OCR MEI C3 (Core Mathematics 3) 2015 June

1 Fig. 1 shows part of the curve \(y = \mathrm { e } ^ { 2 x } \cos x\). \begin{figure}[h] \end{figure} Find the coordinates of the turning point P .

2 Find \(\int \sqrt [ 3 ] { 2 x - 1 } \mathrm {~d} x\).

3 Find the exact value of \(\int _ { 1 } ^ { 2 } x ^ { 3 } \ln x \mathrm {~d} x\).

4 Fig. 4 shows a cone with its axis vertical. The angle between the axis and the slant edge is \(45 ^ { \circ }\). Water is poured into the cone at a constant rate of \(5 \mathrm {~cm} ^ { 3 }\) per second. At time \(t\) seconds, the height of the water surface above the vertex O of the cone is \(h \mathrm {~cm}\), and the volume of water in the cone is \(V \mathrm {~cm} ^ { 3 }\). \begin{figure}[h] \end{figure} Find \(V\) in terms of \(h\).
Hence find the rate at which the height of water is increasing when the height is 10 cm .
[0pt] [You are given that the volume \(V\) of a cone of height \(h\) and radius \(r\) is \(V = \frac { 1 } { 3 } \pi r ^ { 2 } h\) ].

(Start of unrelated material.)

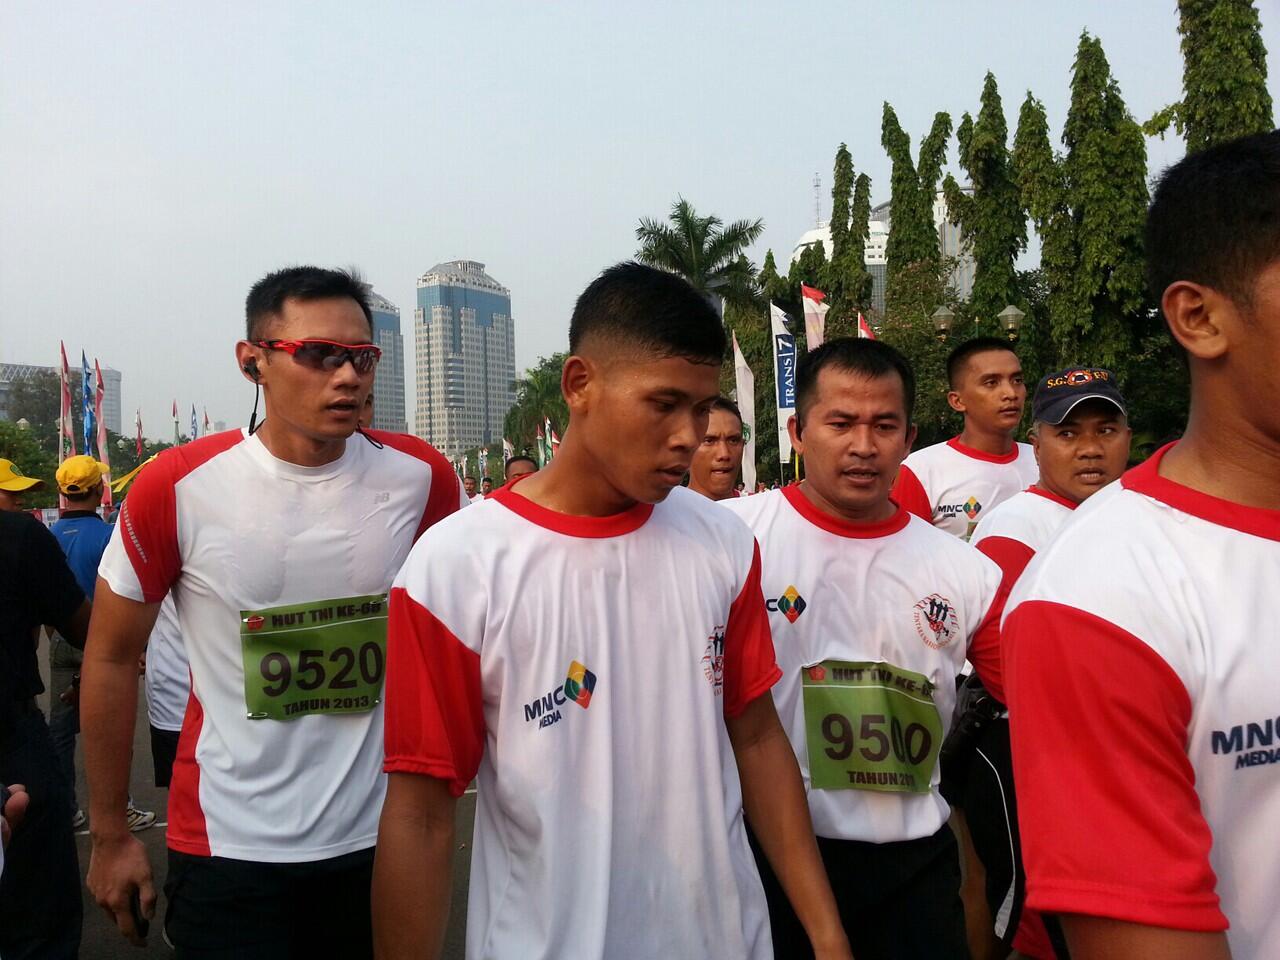 Soal Lari Maraton Agus Yudhoyono Ramai di Twitter &#91;Finish paling terakhir!&#93;

5 A curve has implicit equation \(y ^ { 2 } + 2 x \ln y = x ^ { 2 }\).
Verify that the point \(( 1,1 )\) lies on the curve, and find the gradient of the curve at this point.

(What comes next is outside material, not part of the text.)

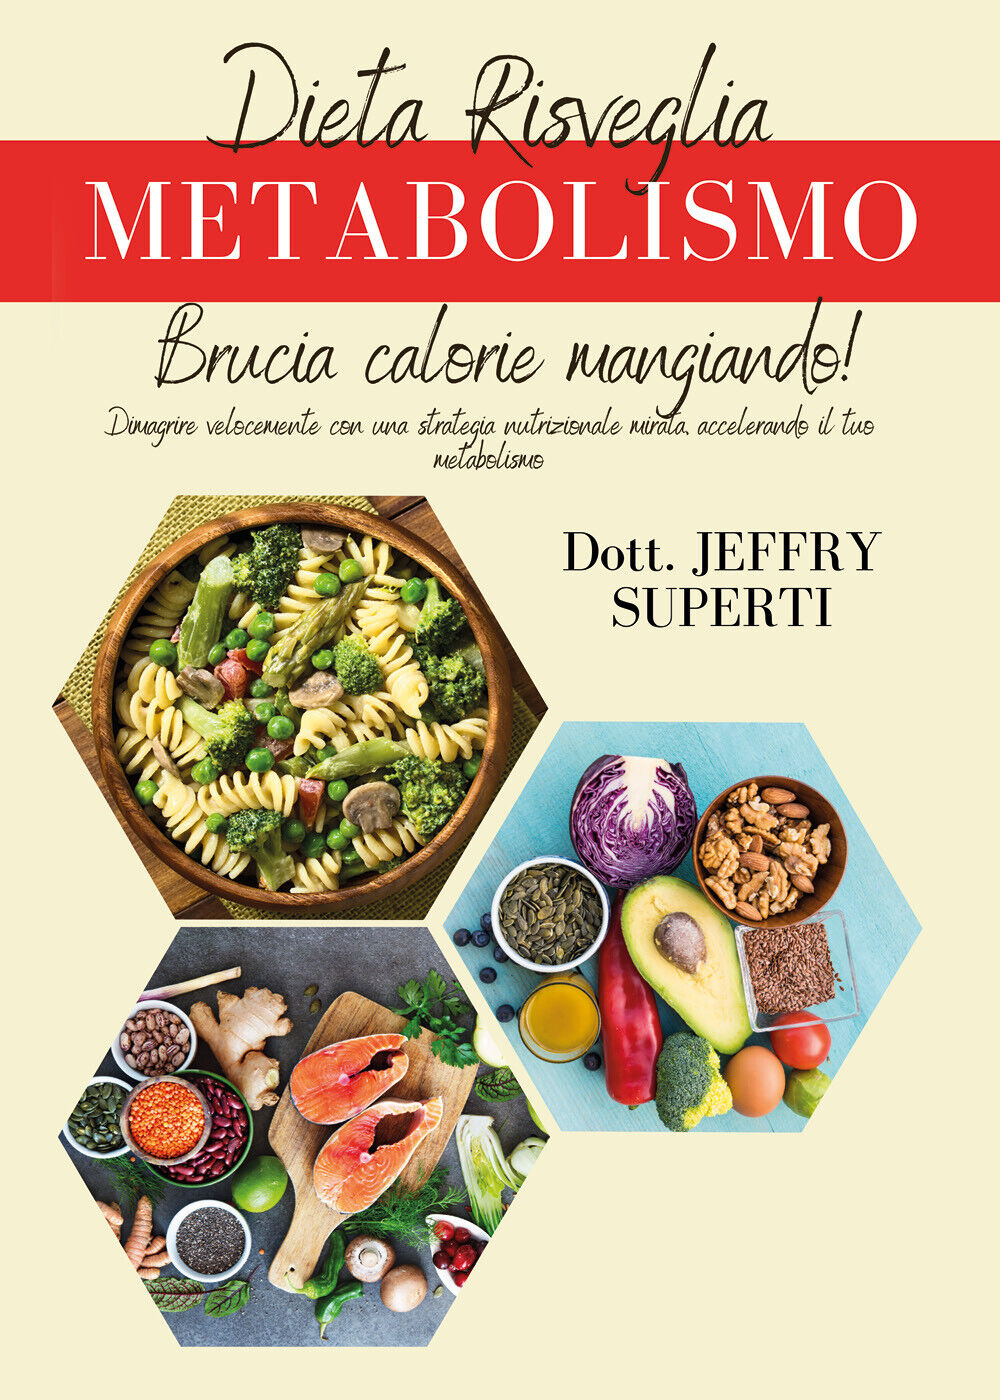 Dieta risveglia metabolismo. Dimagrire velocemente con una strategia nutrizional

6 Solve each of the following equations, giving your answers in exact form.

1. \(6 \arcsin x - \pi = 0\).
2. \(\arcsin x = \arccos x\).

7

1. The function \(\mathrm { f } ( x )\) is defined by $$f ( x ) = \frac { 1 - x } { 1 + x } , x \neq - 1$$ Show that \(\mathrm { f } ( \mathrm { f } ( x ) ) = x\).
   Hence write down \(\mathrm { f } ^ { - 1 } ( x )\).
2. The function \(\mathrm { g } ( x )\) is defined for all real \(x\) by $$\mathrm { g } ( x ) = \frac { 1 - x ^ { 2 } } { 1 + x ^ { 2 } }$$ Prove that \(\mathrm { g } ( x )\) is even. Interpret this result in terms of the graph of \(y = \mathrm { g } ( x )\).

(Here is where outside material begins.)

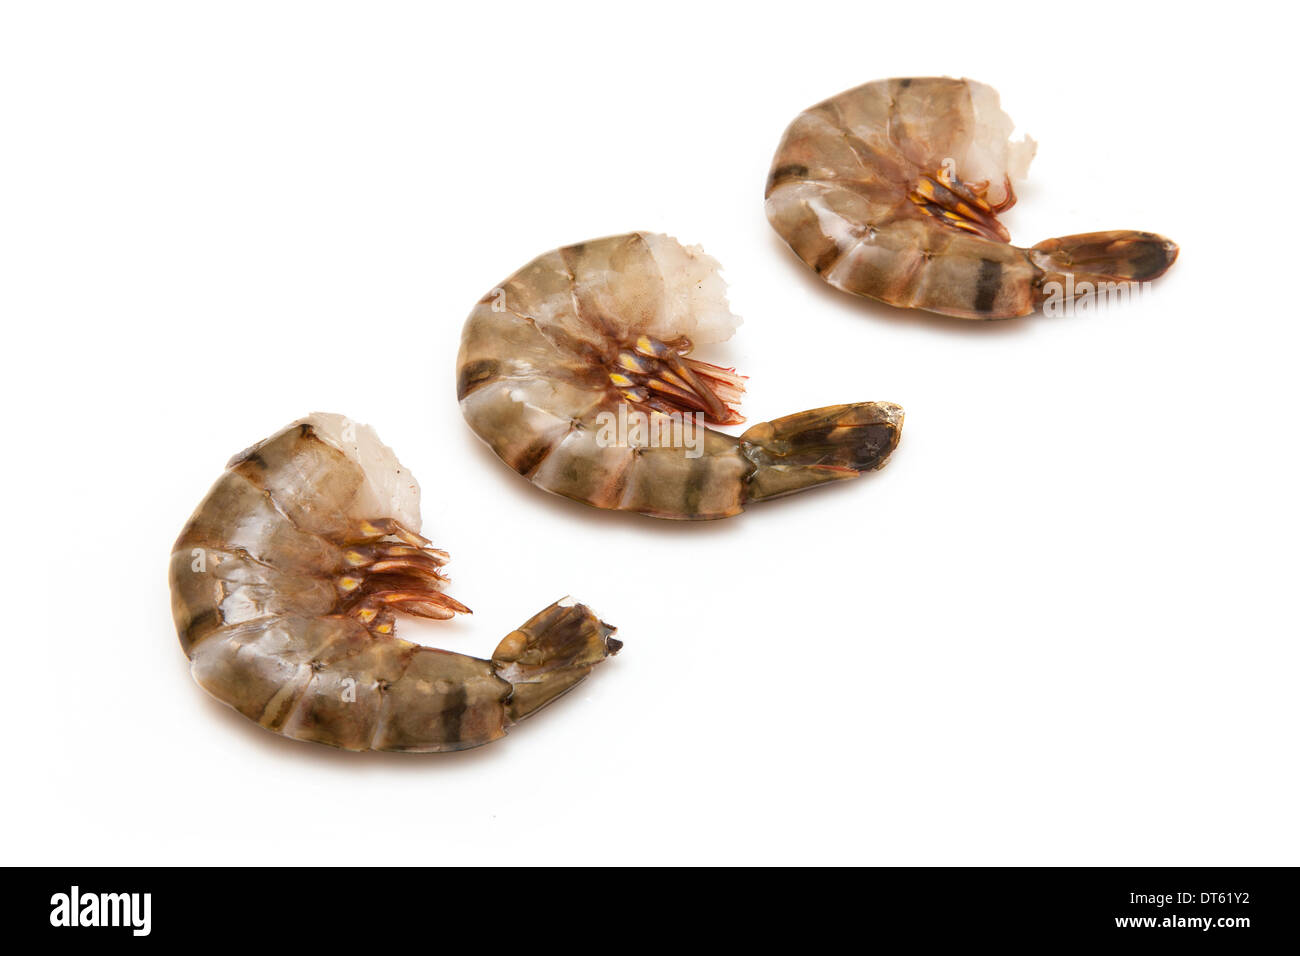 Grande crevette ou tigre asiatique- Crevettes Penaeus monodon. Isolé sur un fond blanc studio. Banque D'Images

8 Fig. 8 shows the line \(y = 1\) and the curve \(y = \mathrm { f } ( x )\), where \(\mathrm { f } ( x ) = \frac { ( x - 2 ) ^ { 2 } } { x }\). The curve touches the \(x\)-axis at \(\mathrm { P } ( 2,0 )\) and has another turning point at the point Q . \begin{figure}[h] \end{figure}

1. Show that \(\mathrm { f } ^ { \prime } ( x ) = 1 - \frac { 4 } { x ^ { 2 } }\), and find \(\mathrm { f } ^ { \prime \prime } ( x )\). Hence find the coordinates of Q and, using \(\mathrm { f } ^ { \prime \prime } ( x )\), verify that it is a maximum point.
2. Verify that the line \(y = 1\) meets the curve \(y = \mathrm { f } ( x )\) at the points with \(x\)-coordinates 1 and 4 . Hence find the exact area of the shaded region enclosed by the line and the curve. The curve \(y = \mathrm { f } ( x )\) is now transformed by a translation with vector \(\binom { - 1 } { - 1 }\). The resulting curve has equation \(y = \mathrm { g } ( x )\).
3. Show that \(\mathrm { g } ( x ) = \frac { x ^ { 2 } - 3 x } { x + 1 }\).
4. Without further calculation, write down the value of \(\int _ { 0 } ^ { 3 } \mathrm {~g} ( x ) \mathrm { d } x\), justifying your answer.

9 Fig. 9 shows the curve \(y = \mathrm { f } ( x )\), where $$\mathrm { f } ( x ) = \left( \mathrm { e } ^ { x } - 2 \right) ^ { 2 } - 1 , x \in \mathbb { R } .$$ The curve crosses the \(x\)-axis at O and P , and has a turning point at Q . \begin{figure}[h] \end{figure}

1. Find the exact \(x\)-coordinate of P .
2. Show that the \(x\)-coordinate of Q is \(\ln 2\) and find its \(y\)-coordinate.
3. Find the exact area of the region enclosed by the curve and the \(x\)-axis. The domain of \(\mathrm { f } ( x )\) is now restricted to \(x \geqslant \ln 2\).
4. Find the inverse function \(\mathrm { f } ^ { - 1 } ( x )\). Write down its domain and range, and sketch its graph on the copy of Fig. 9.